Start of Block

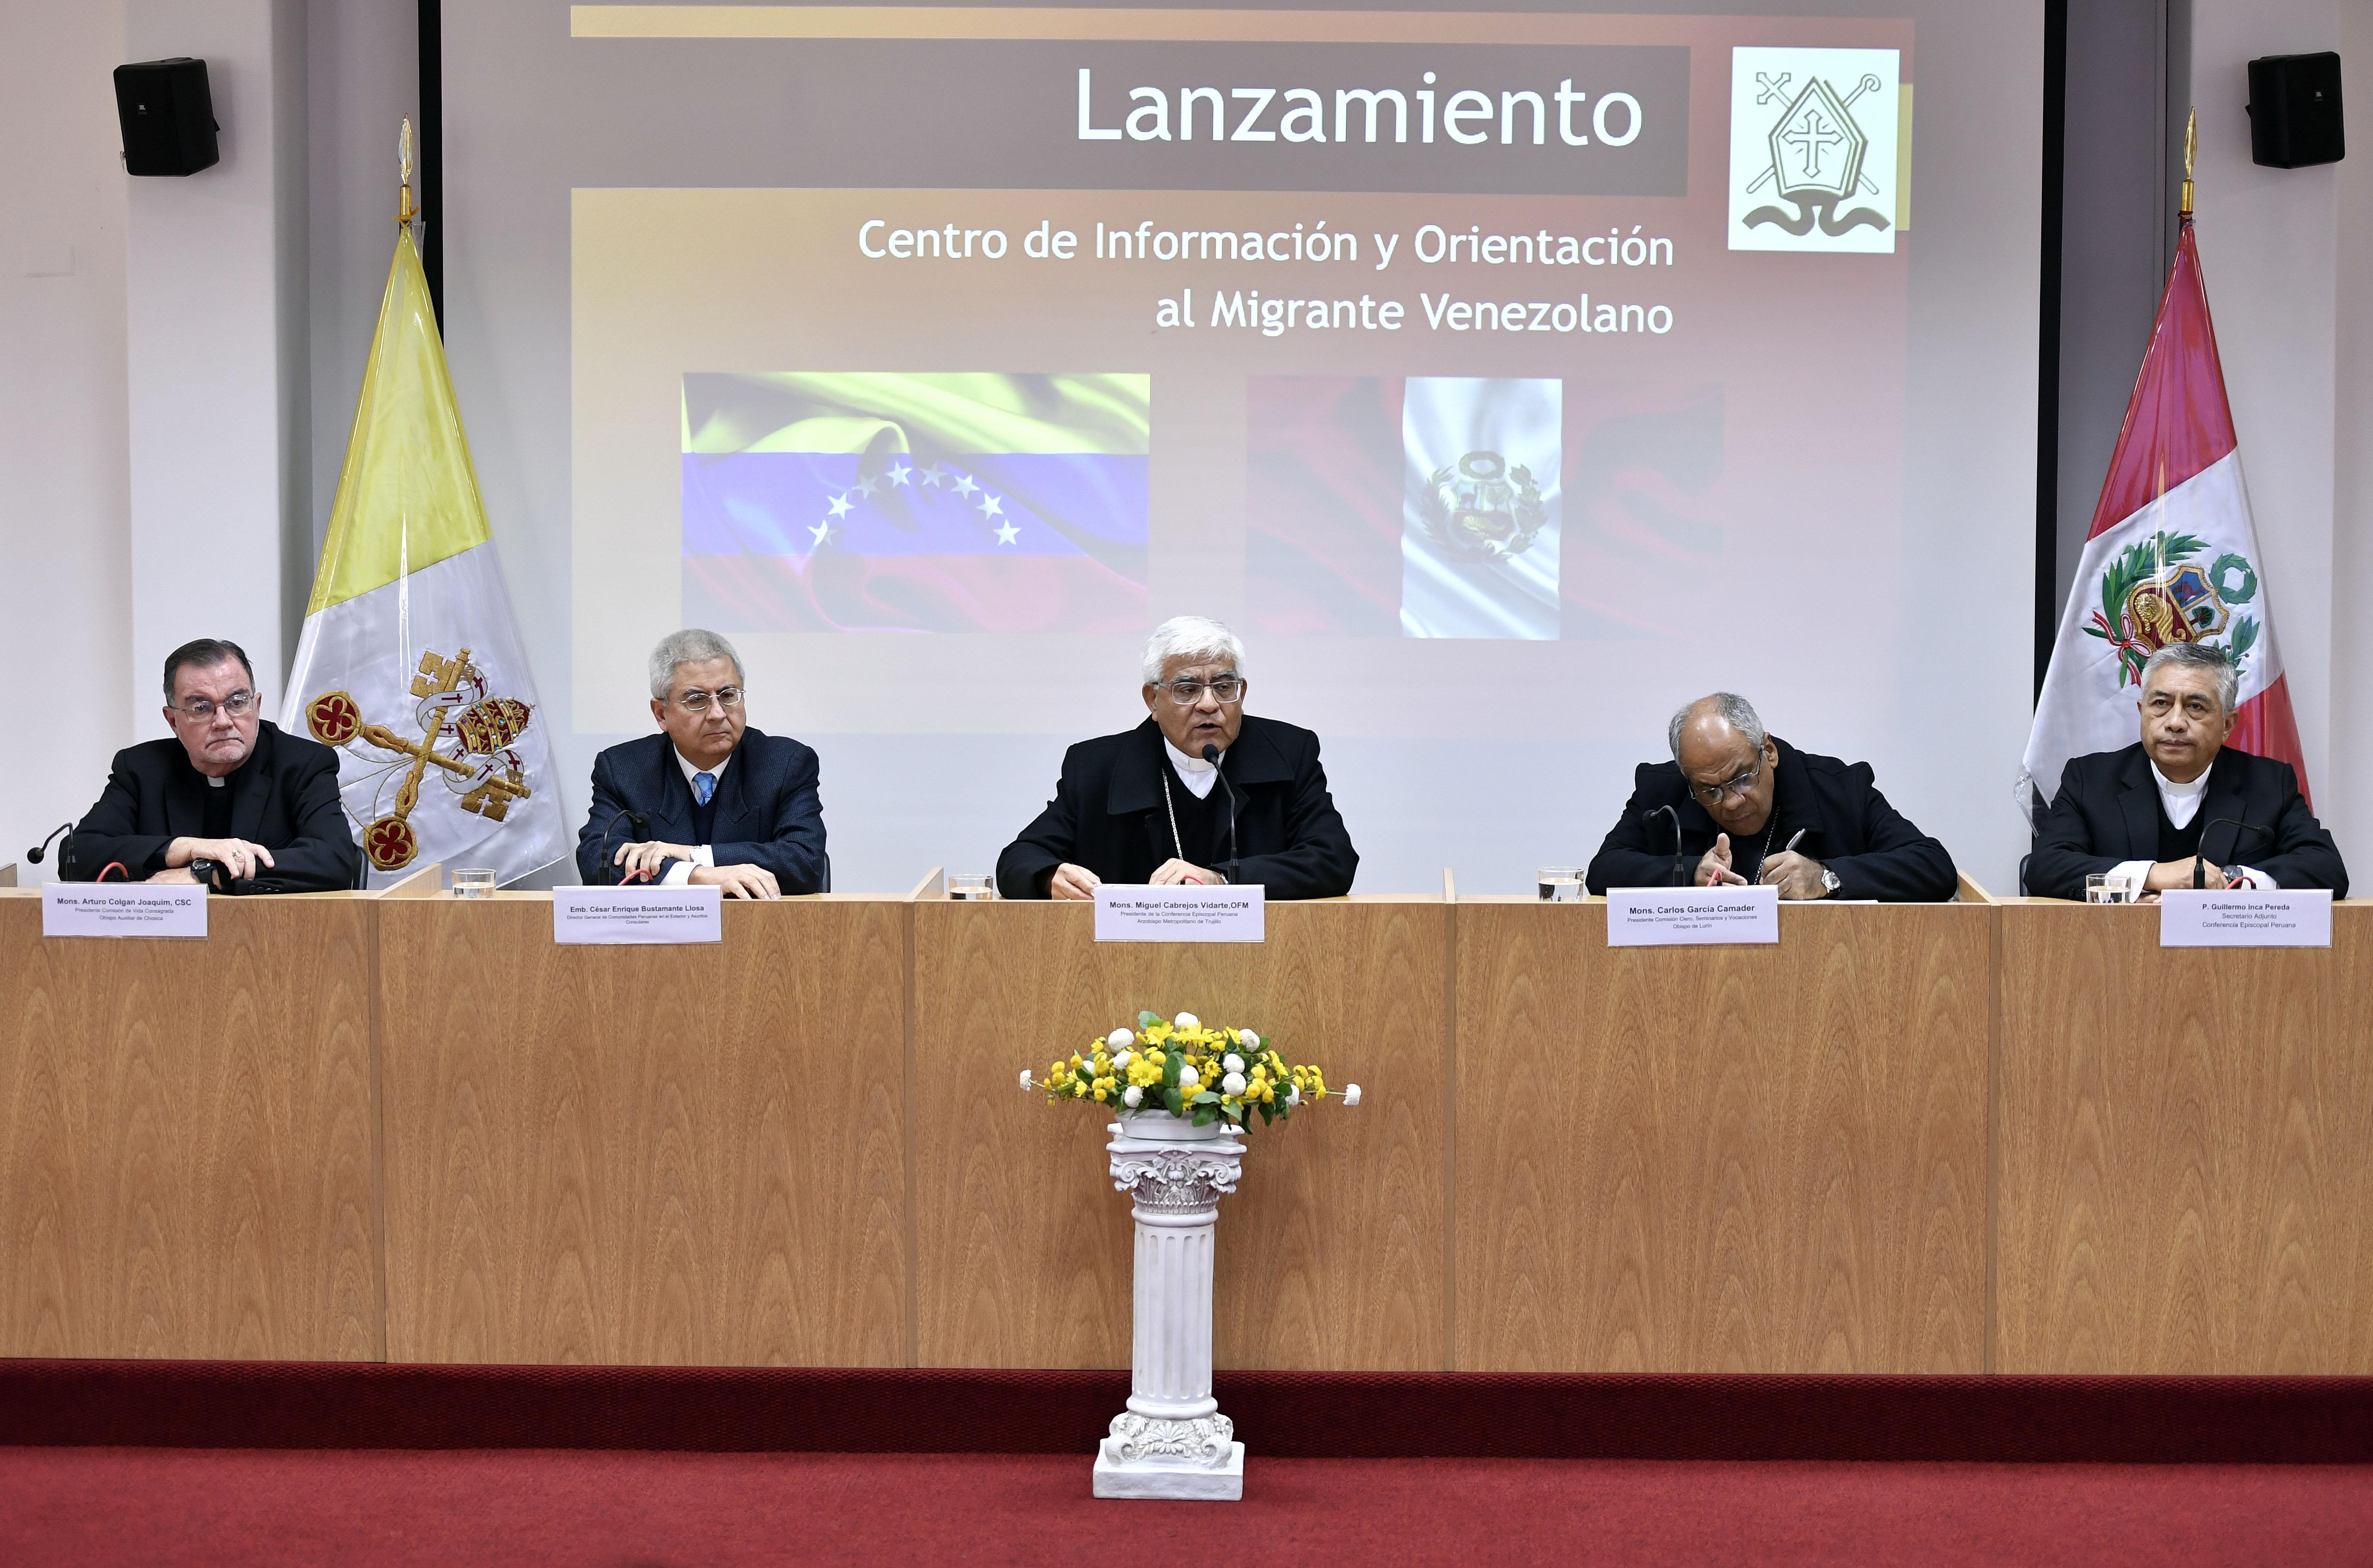 Conferencia Episcopal apertura centro de información y orientación al migrante venezolano
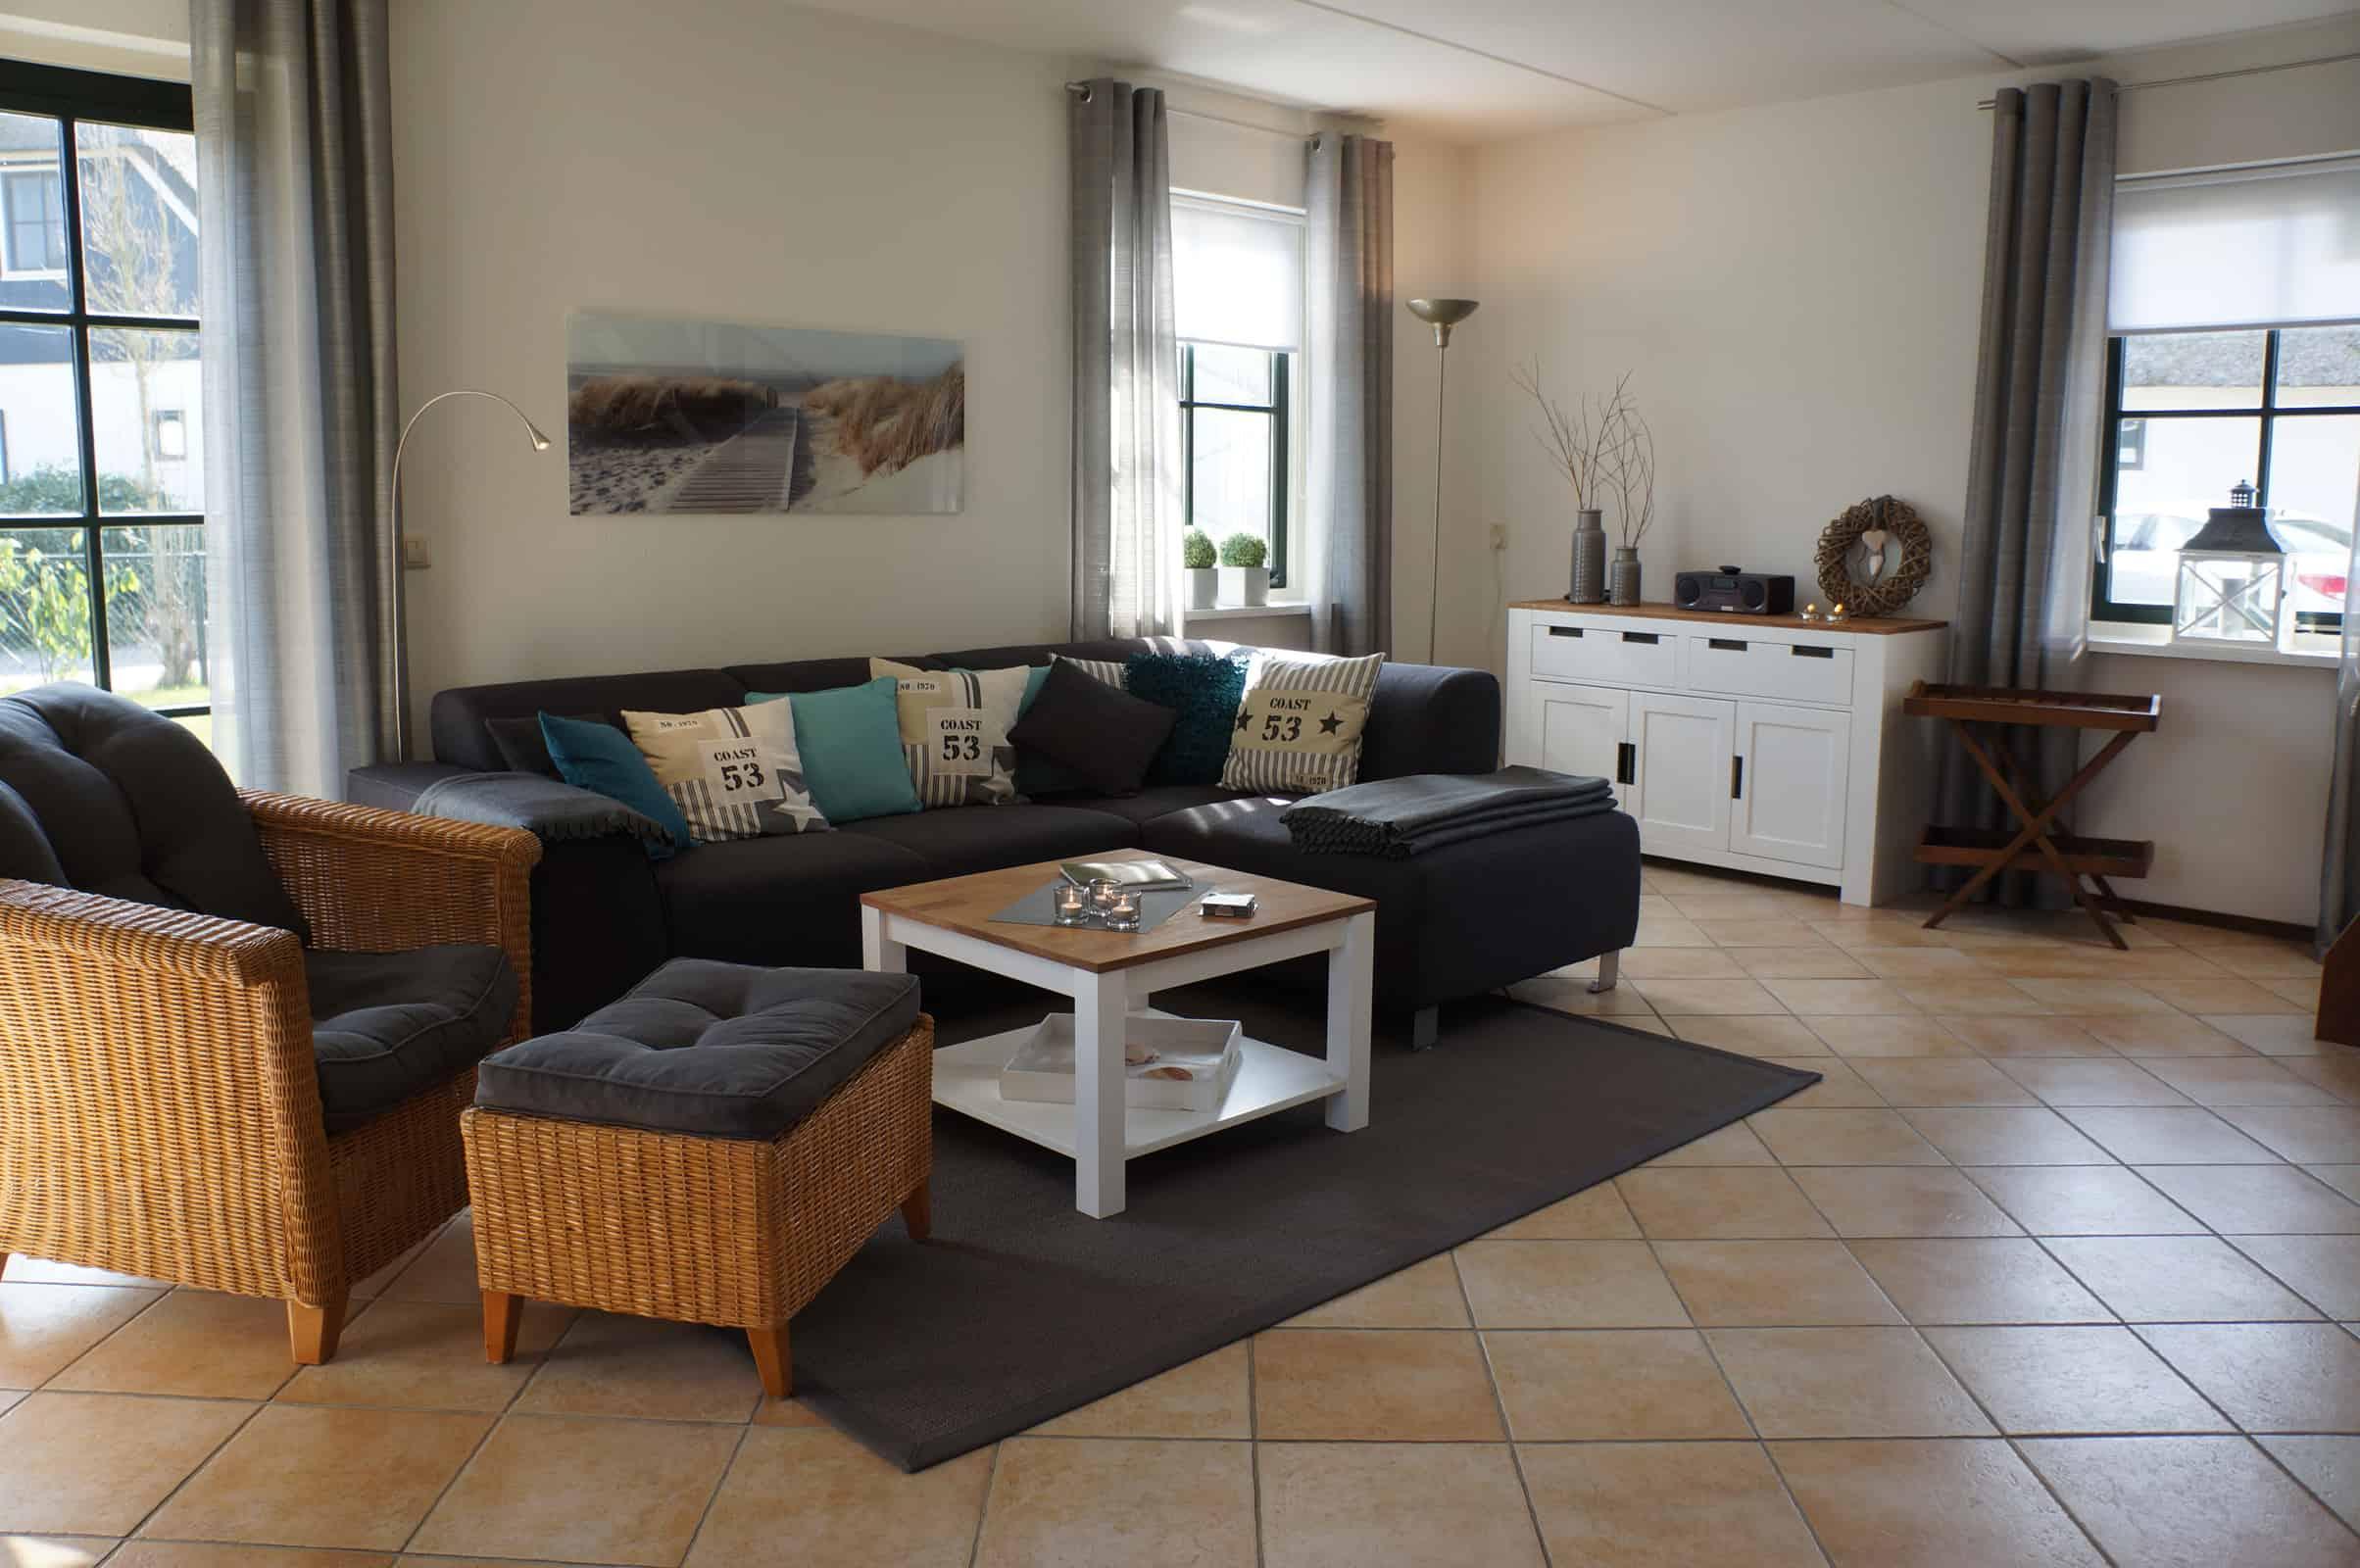 Vakantiehuis Callantsoog - Buitenplaats 44
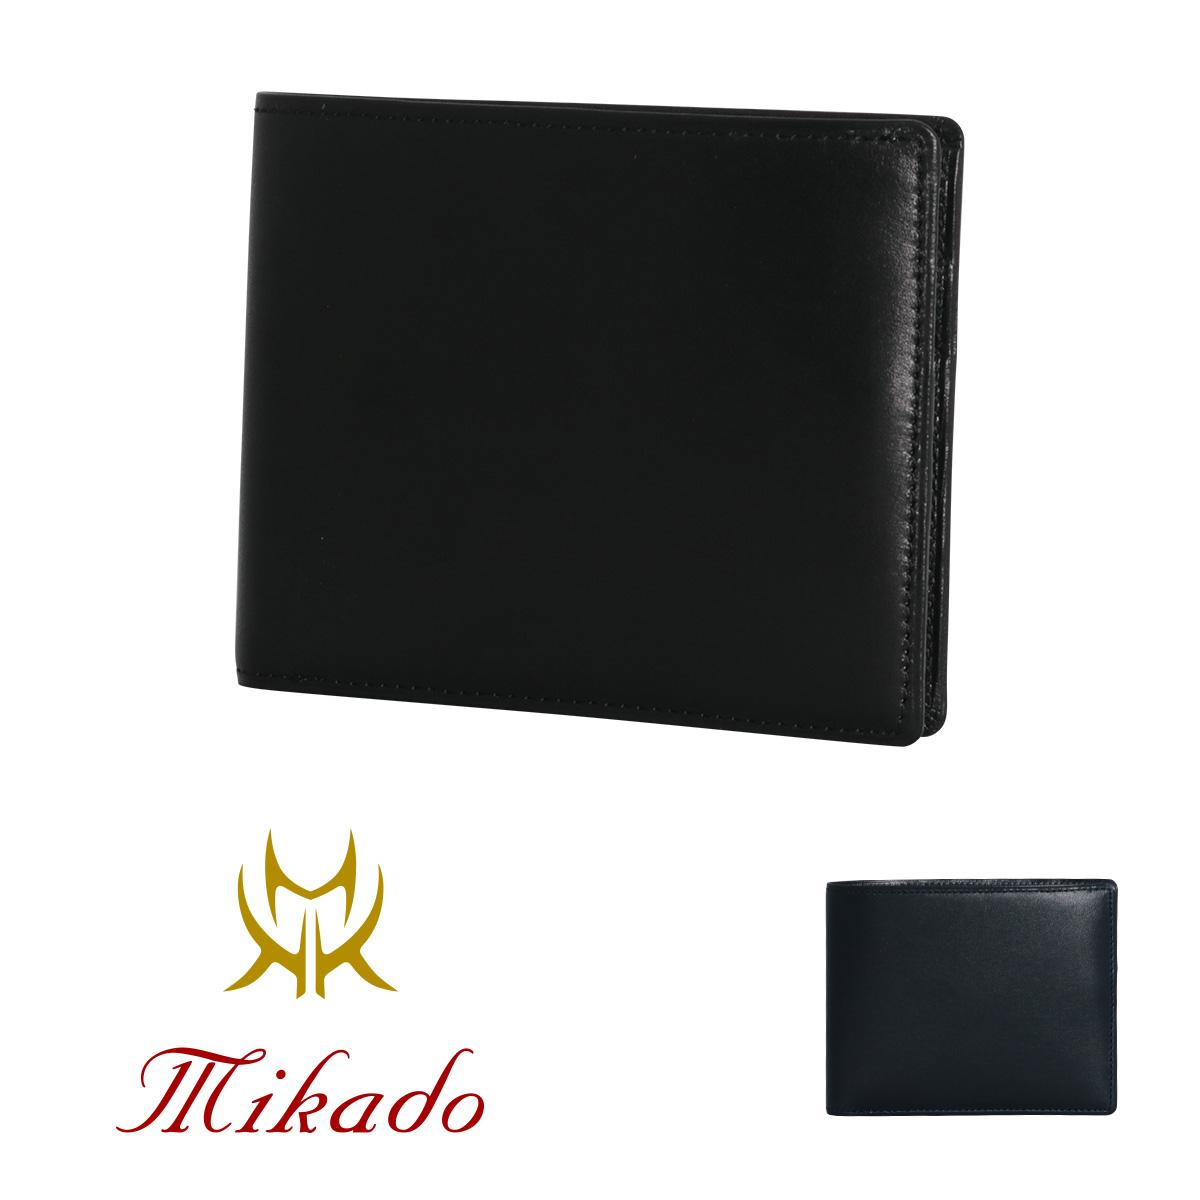 ミカド Mikado 二つ折り財布 225015 シャトーブリアン 【 財布 メンズ レザー 】【PO5】【bef】[即日発送]

End of Block

• _EXERCISE PROMPT_: Skip the pictures, then retype every line above exactly.

• _OUTPUT OF THE EXERCISE_:
 Conferencia Episcopal apertura centro de información y orientación al migrante venezolano
 Vakantiehuis Callantsoog - Buitenplaats 44
 ミカド Mikado 二つ折り財布 225015 シャトーブリアン 【 財布 メンズ レザー 】【PO5】【bef】[即日発送]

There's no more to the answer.